### Problem
Using the listing below, give again exactly the lines from the line with "Internet Meme Wallpaper 4582" to the line with "Saint-Alfege-Church-greenwich-wedding-charlton-house-speech-350", inclusive, without the pictures.

### Records supplied
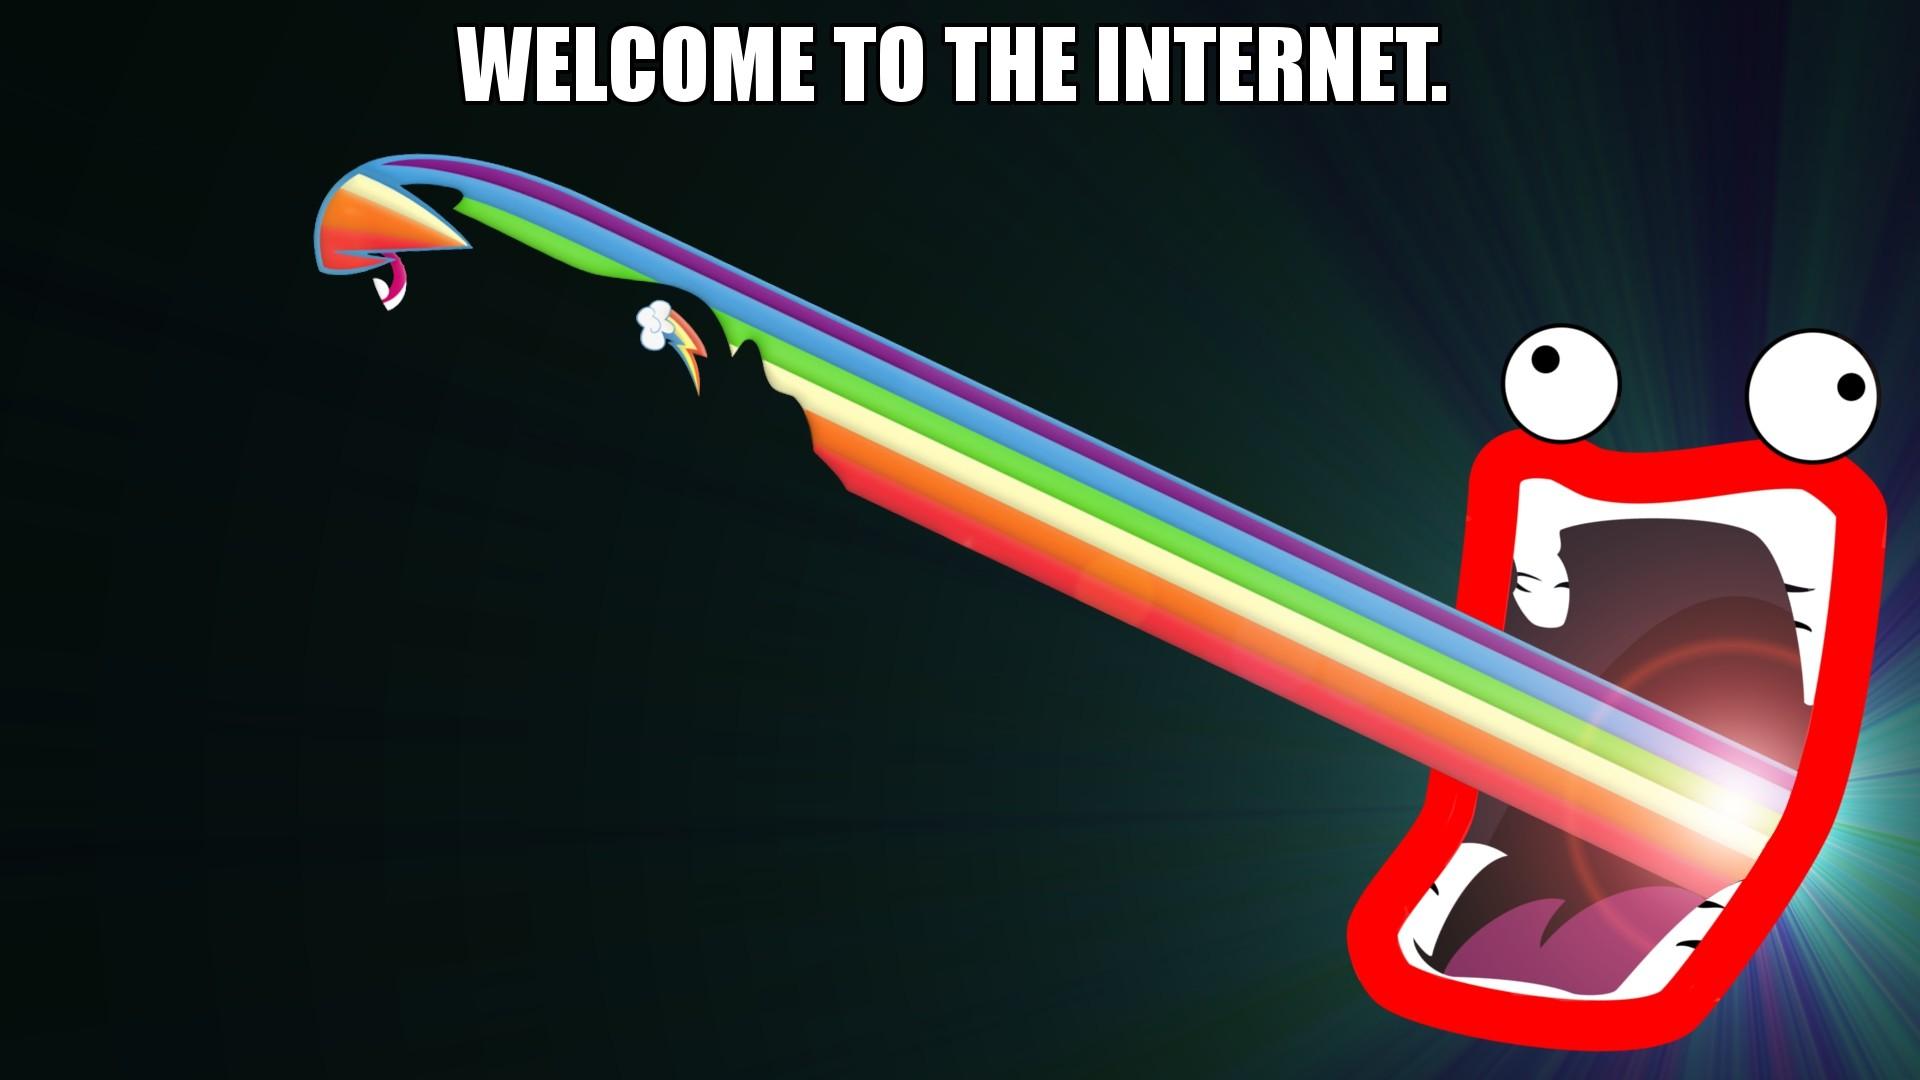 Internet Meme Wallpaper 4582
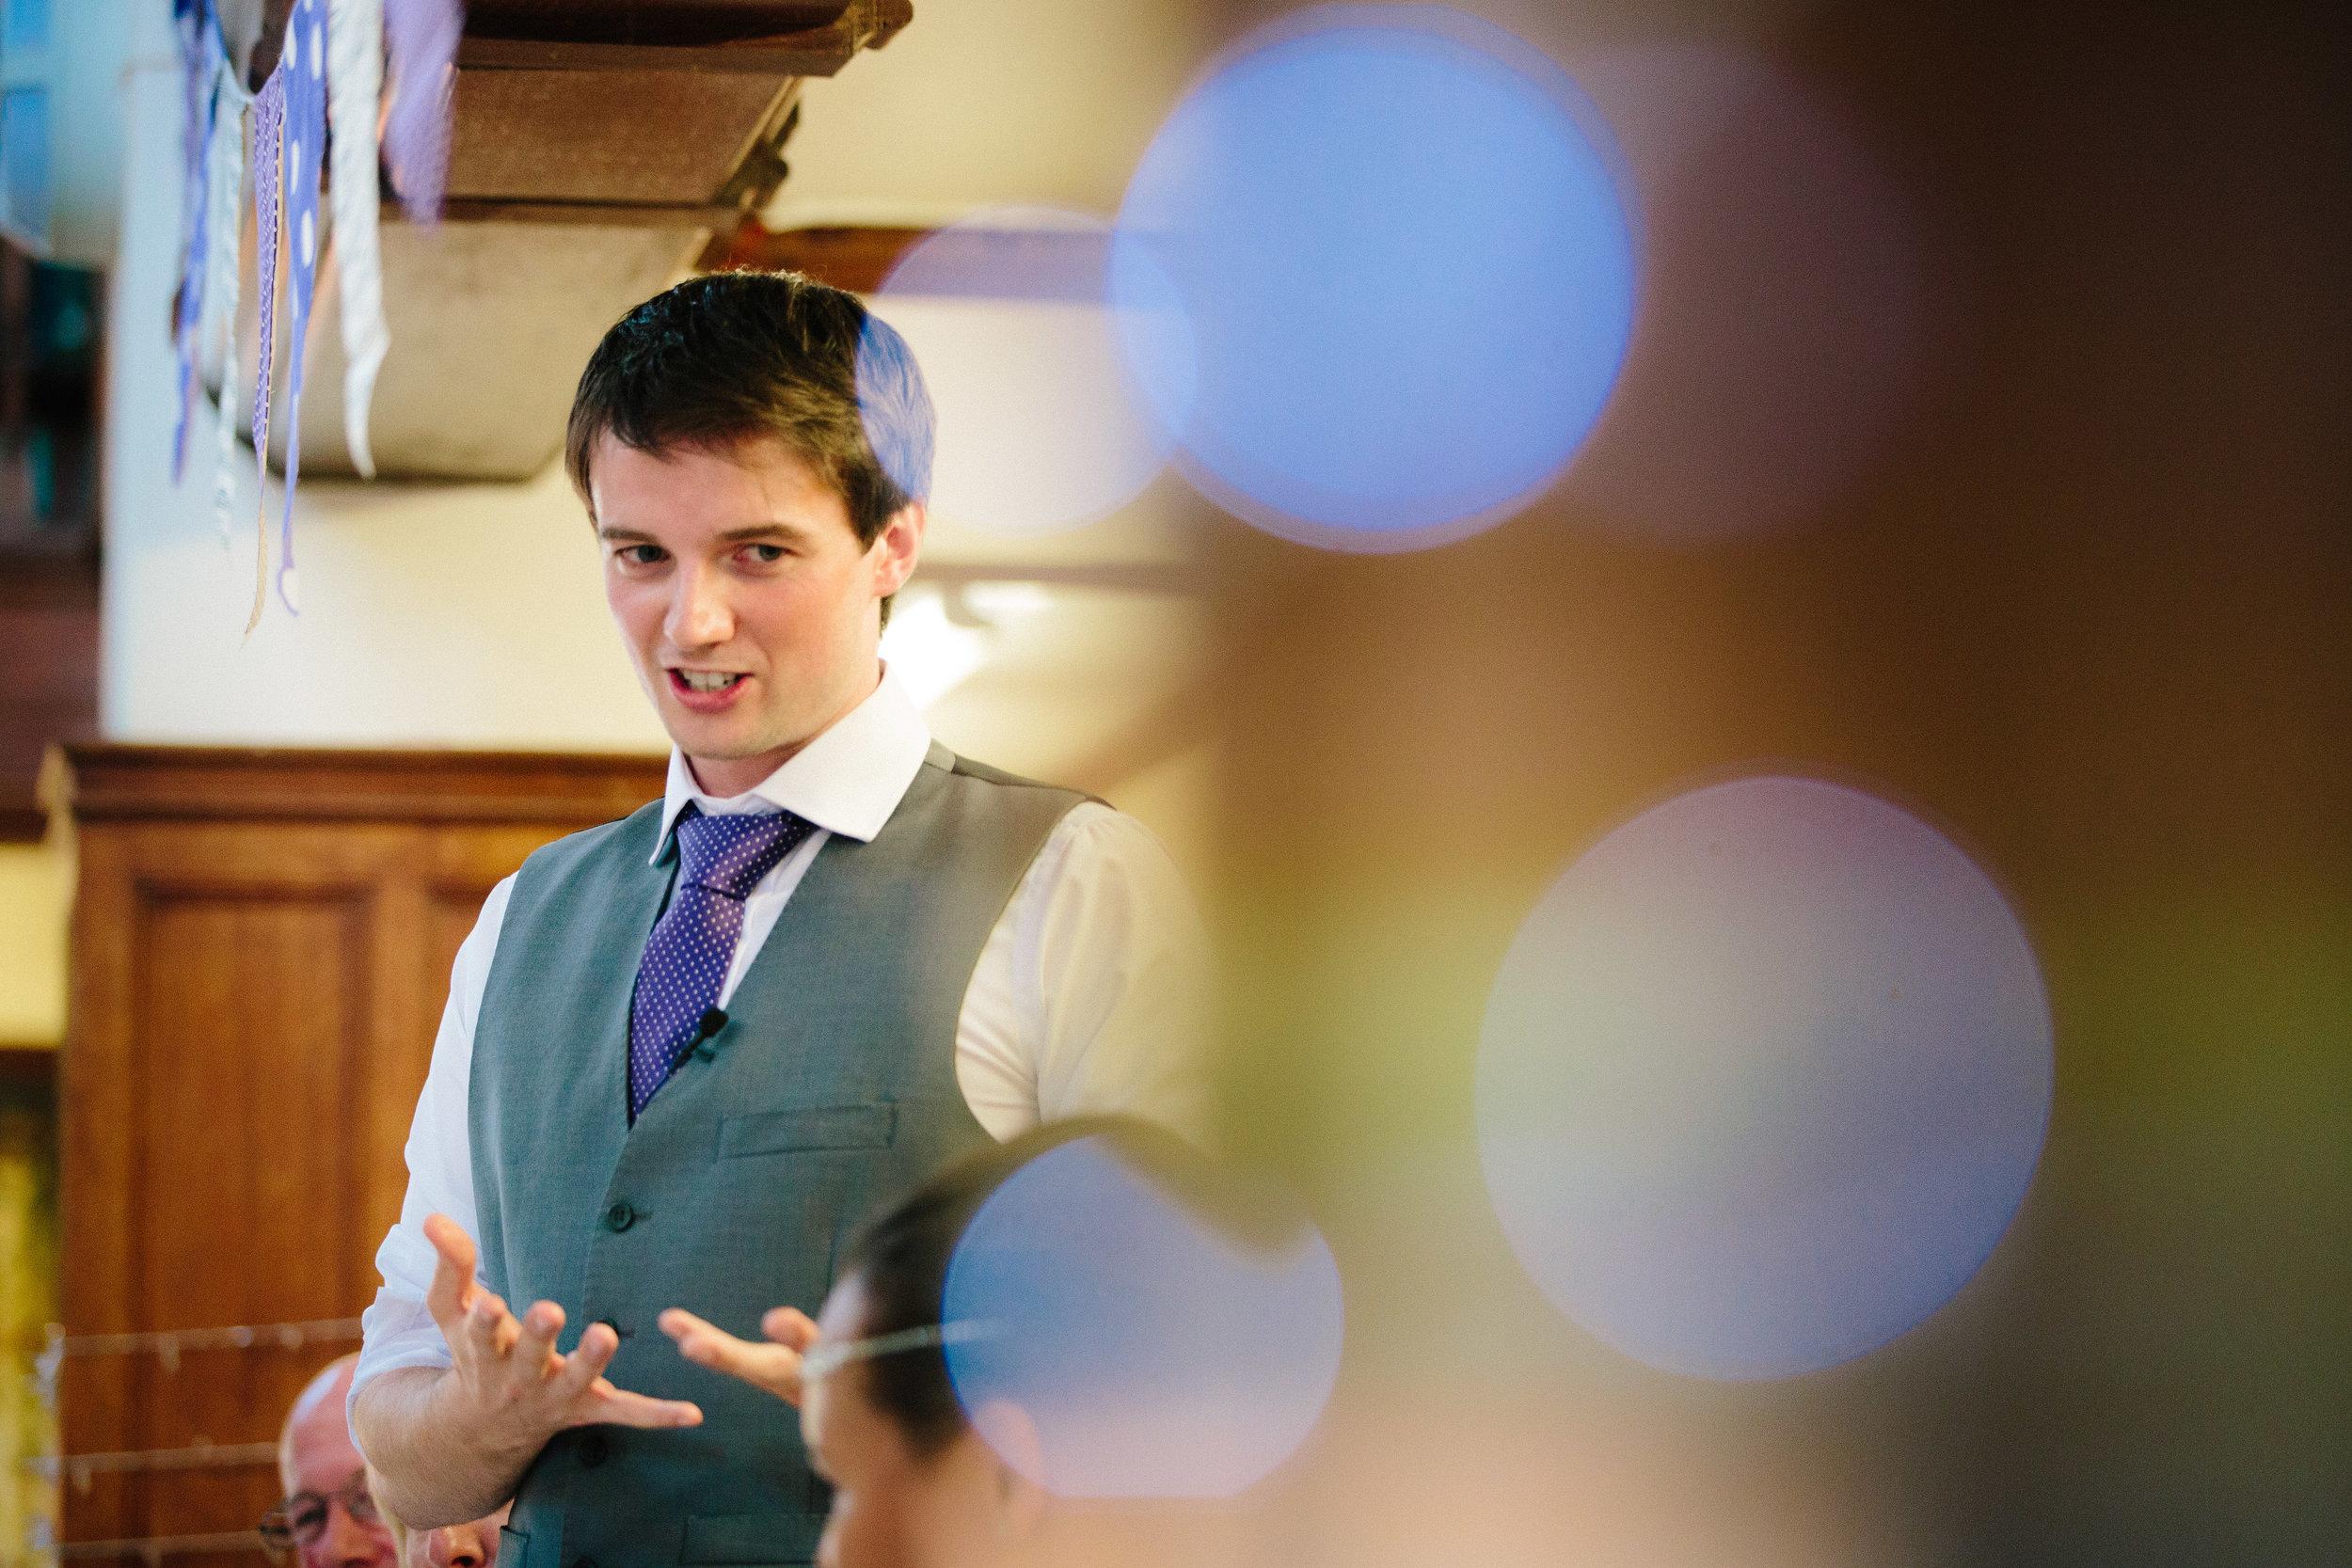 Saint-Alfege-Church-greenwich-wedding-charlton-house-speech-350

...

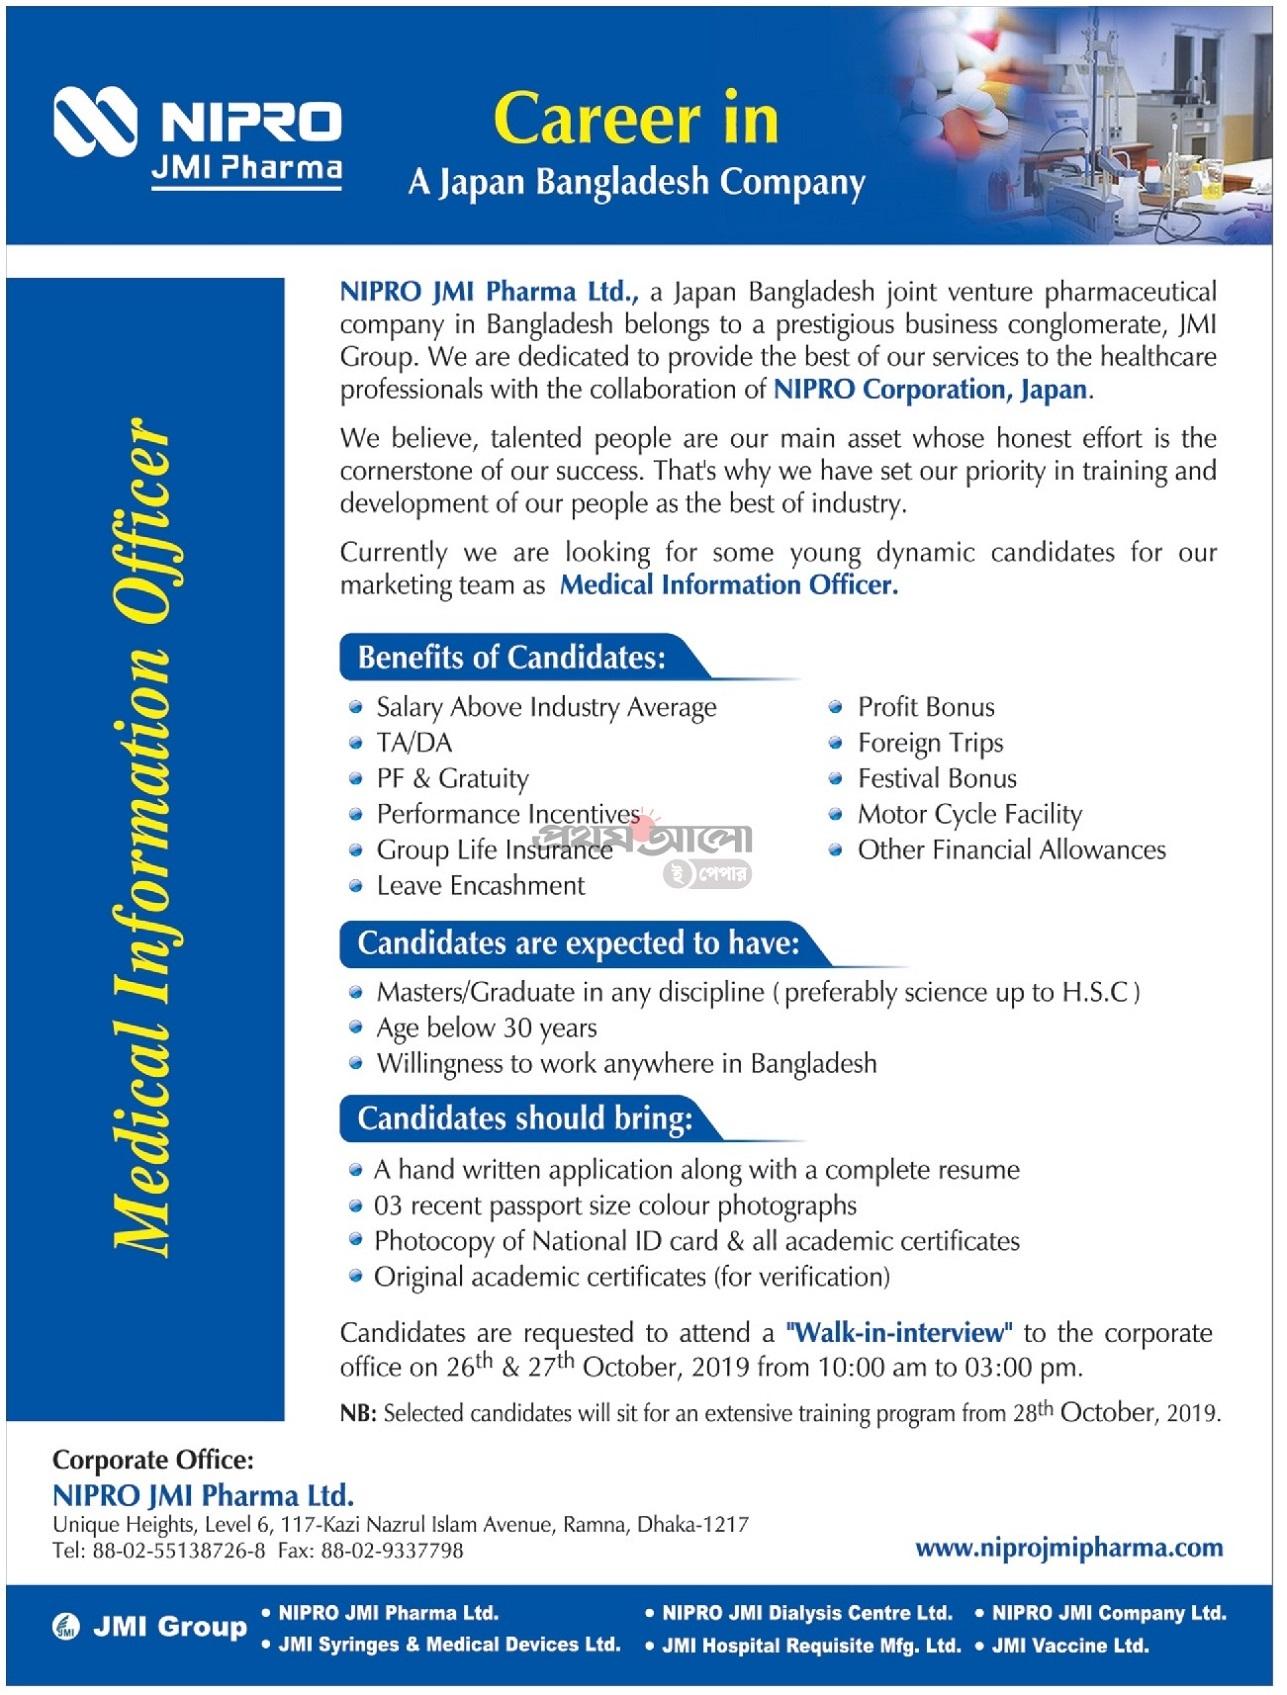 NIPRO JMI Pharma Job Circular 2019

### Answer to this task
 Internet Meme Wallpaper 4582
 Saint-Alfege-Church-greenwich-wedding-charlton-house-speech-350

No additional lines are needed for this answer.